500 mL of \(1.2\) M KI solution is mixed with 500 mL of \(0.2\) M \( \mathrm{KMnO_4} \) solution in basic medium. The liberated iodine is titrated with standard \(0.1\) M \( \mathrm{Na_2S_2O_3} \) solution in the presence of starch indicator till the blue colour disappears.

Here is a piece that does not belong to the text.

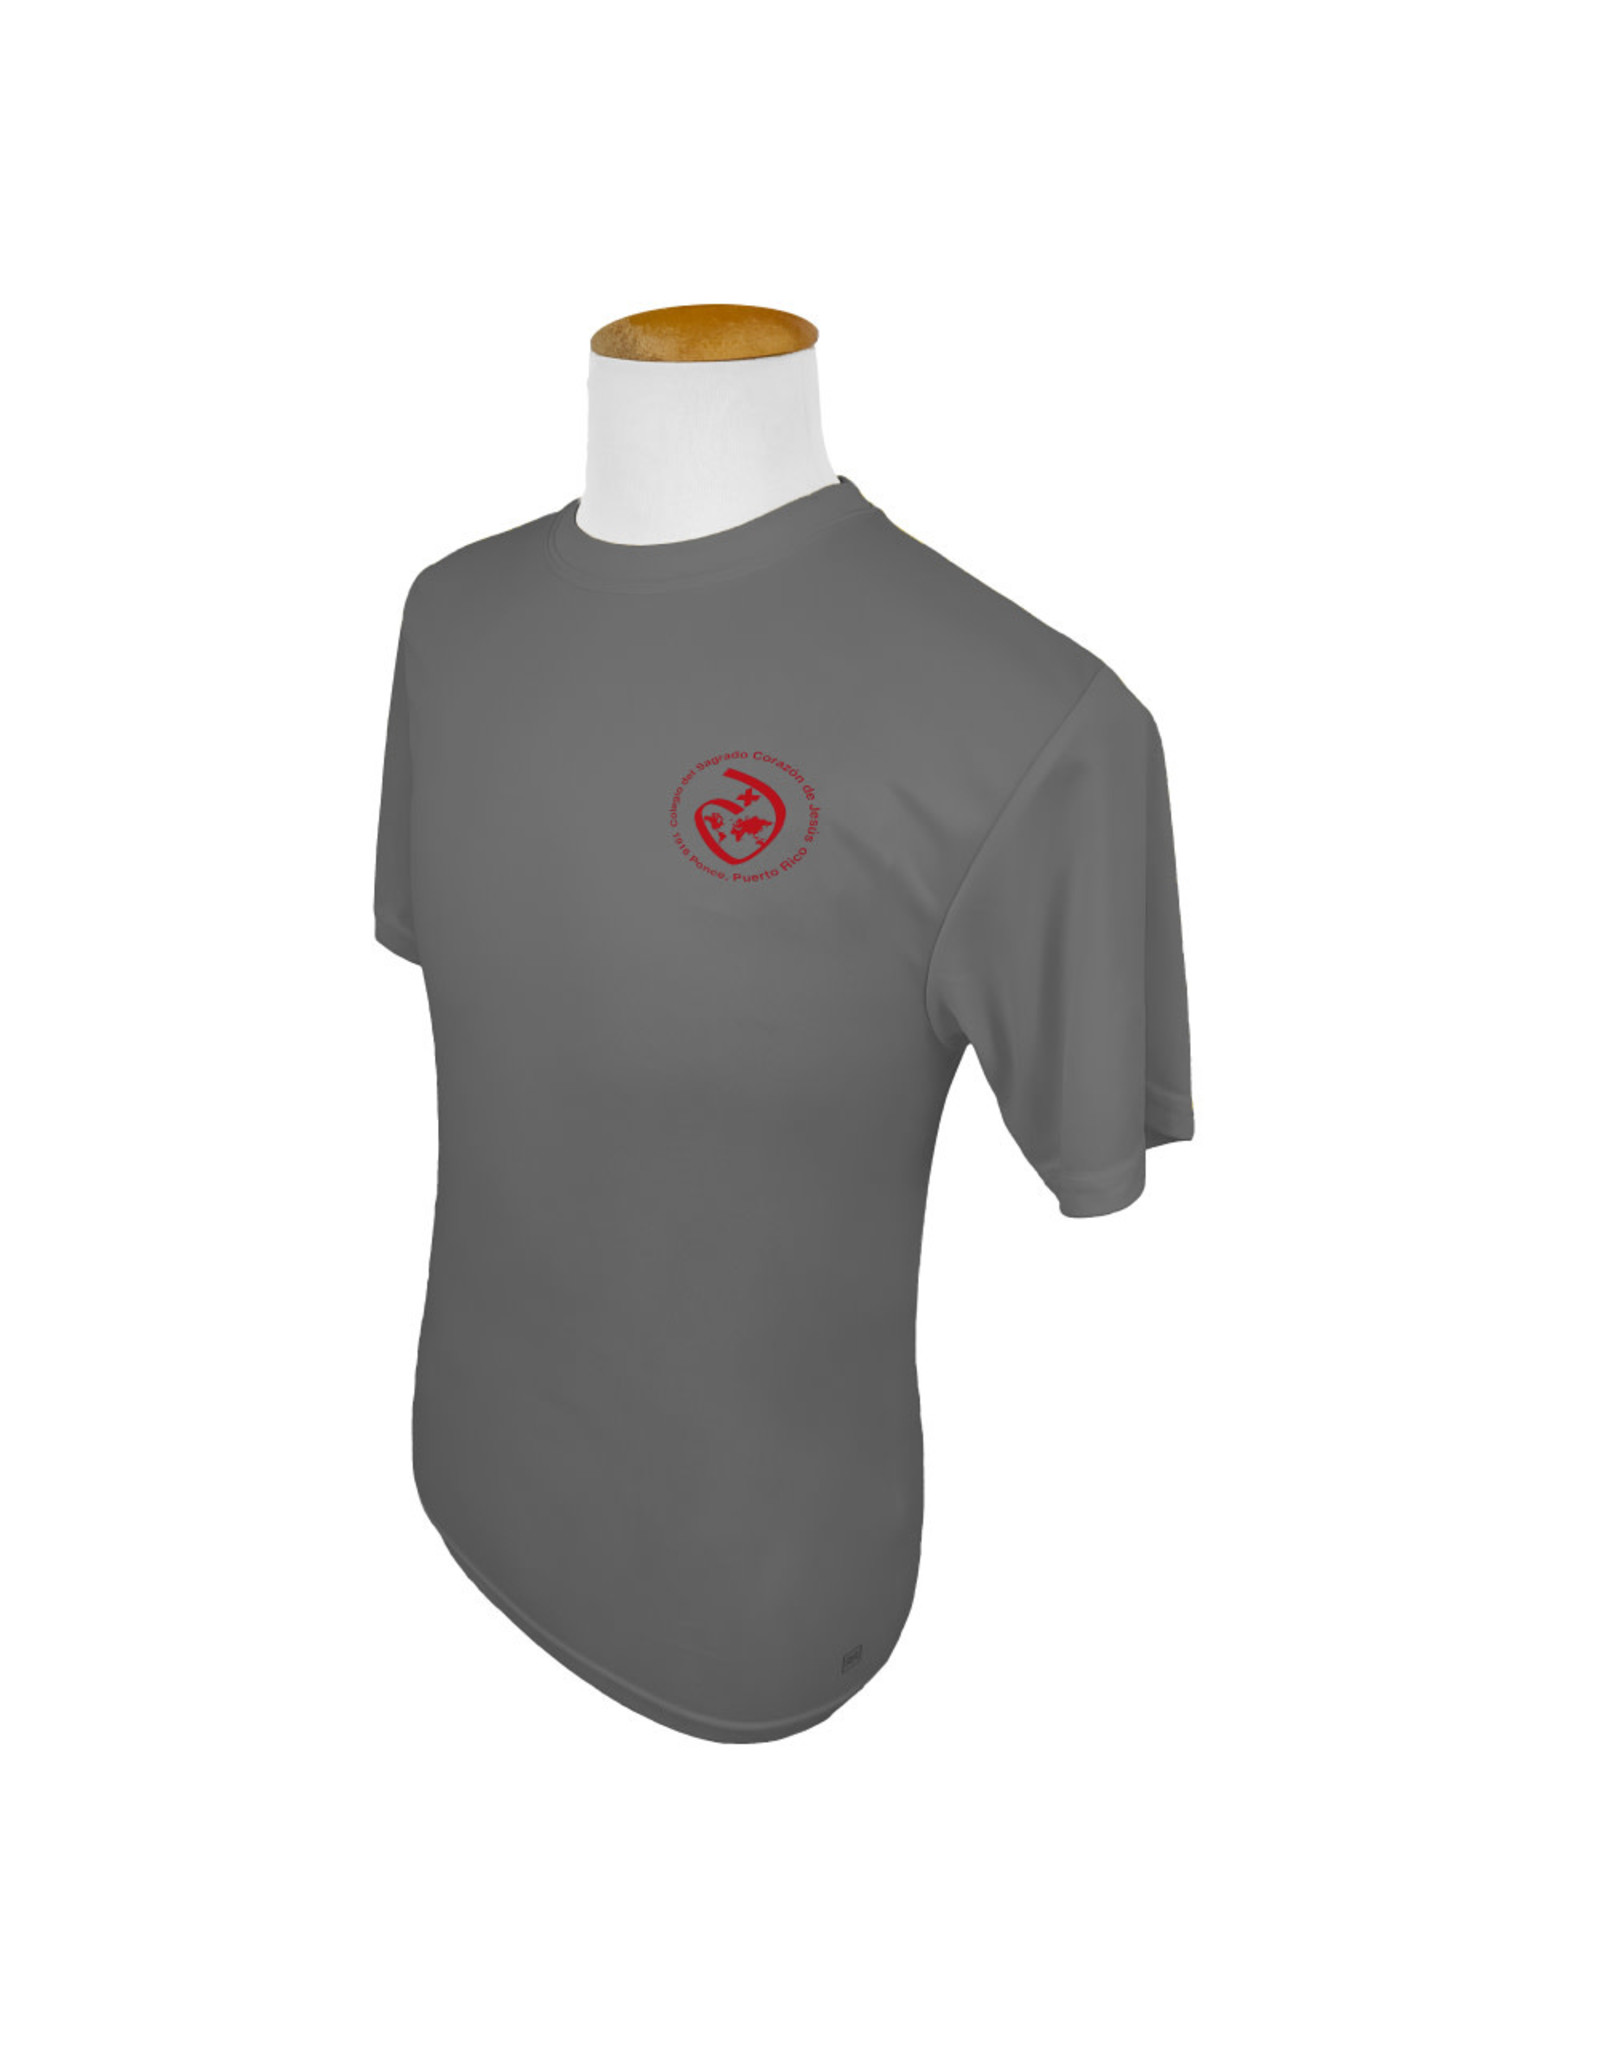 Col. Sagrado Corazon T-Shirt Charc Grey | Ed. Fisica | Col.Sagrado Corazon

The volume (in L) of \( \mathrm{Na_2S_2O_3} \) consumed is ________ (nearest integer).

Hint:

In iodometric titrations, always convert the oxidising agent to equivalent moles of iodine first, then relate iodine to thiosulphate.

Answer 1

Correct Answer: 3

Concept: This problem involves {redox reactions} followed by {iodometric titration}. Key ideas used:
In basic medium, \( \mathrm{KMnO_4} \) oxidises iodide ions to iodine. 
Liberated iodine is titrated with sodium thiosulphate. 
Stoichiometry of redox reactions determines the amount of iodine formed. 
Step 1: Write the redox reaction in basic medium In basic medium, permanganate ion is reduced to manganese dioxide: \[ 2\mathrm{MnO_4^-} + 6\mathrm{I^-} + 4\mathrm{H_2O} \longrightarrow 2\mathrm{MnO_2} + 3\mathrm{I_2} + 8\mathrm{OH^-} \] From the equation: \[ 2 \text{ mol } \mathrm{KMnO_4} \longrightarrow 3 \text{ mol } \mathrm{I_2} \] 
Step 2: Calculate moles of reactants {Moles of KI:} \[ n(\mathrm{KI}) = 0.5 \times 1.2 = 0.6 \text{ mol} \] {Moles of \( \mathrm{KMnO_4} \):} \[ n(\mathrm{KMnO_4}) = 0.5 \times 0.2 = 0.1 \text{ mol} \] 
Step 3: Identify the limiting reagent From the balanced equation: \[ 2 \mathrm{KMnO_4} : 6 \mathrm{I^-} \Rightarrow 1 \mathrm{KMnO_4} : 3 \mathrm{I^-} \] For \(0.1\) mol \( \mathrm{KMnO_4} \), required iodide: \[ 0.1 \times 3 = 0.3 \text{ mol} \] Available iodide \(=0.6\) mol \(>\) required \(0.3\) mol \[ \Rightarrow \mathrm{KMnO_4} \text{ is the limiting reagent} \] 
Step 4: Calculate moles of iodine liberated From stoichiometry: \[ 2 \mathrm{KMnO_4} \rightarrow 3 \mathrm{I_2} \] \[ 0.1 \mathrm{KMnO_4} \rightarrow \frac{3}{2}\times0.1 = 0.15 \text{ mol } \mathrm{I_2} \] 
Step 5: Titration of iodine with sodium thiosulphate Reaction: \[ \mathrm{I_2} + 2\mathrm{S_2O_3^{2-}} \rightarrow 2\mathrm{I^-} + \mathrm{S_4O_6^{2-}} \] \[ 1 \text{ mol } \mathrm{I_2} \rightarrow 2 \text{ mol } \mathrm{Na_2S_2O_3} \] \[ \text{Moles of } \mathrm{Na_2S_2O_3} = 2 \times 0.15 = 0.30 \text{ mol} \] 
Step 6: Calculate volume of \( \mathrm{Na_2S_2O_3} \) \[ M = \frac{n}{V} \Rightarrow V = \frac{n}{M} = \frac{0.30}{0.1} = 3.0 \text{ L} \] Final Answer: \[ \boxed{3\ \text{L}} \]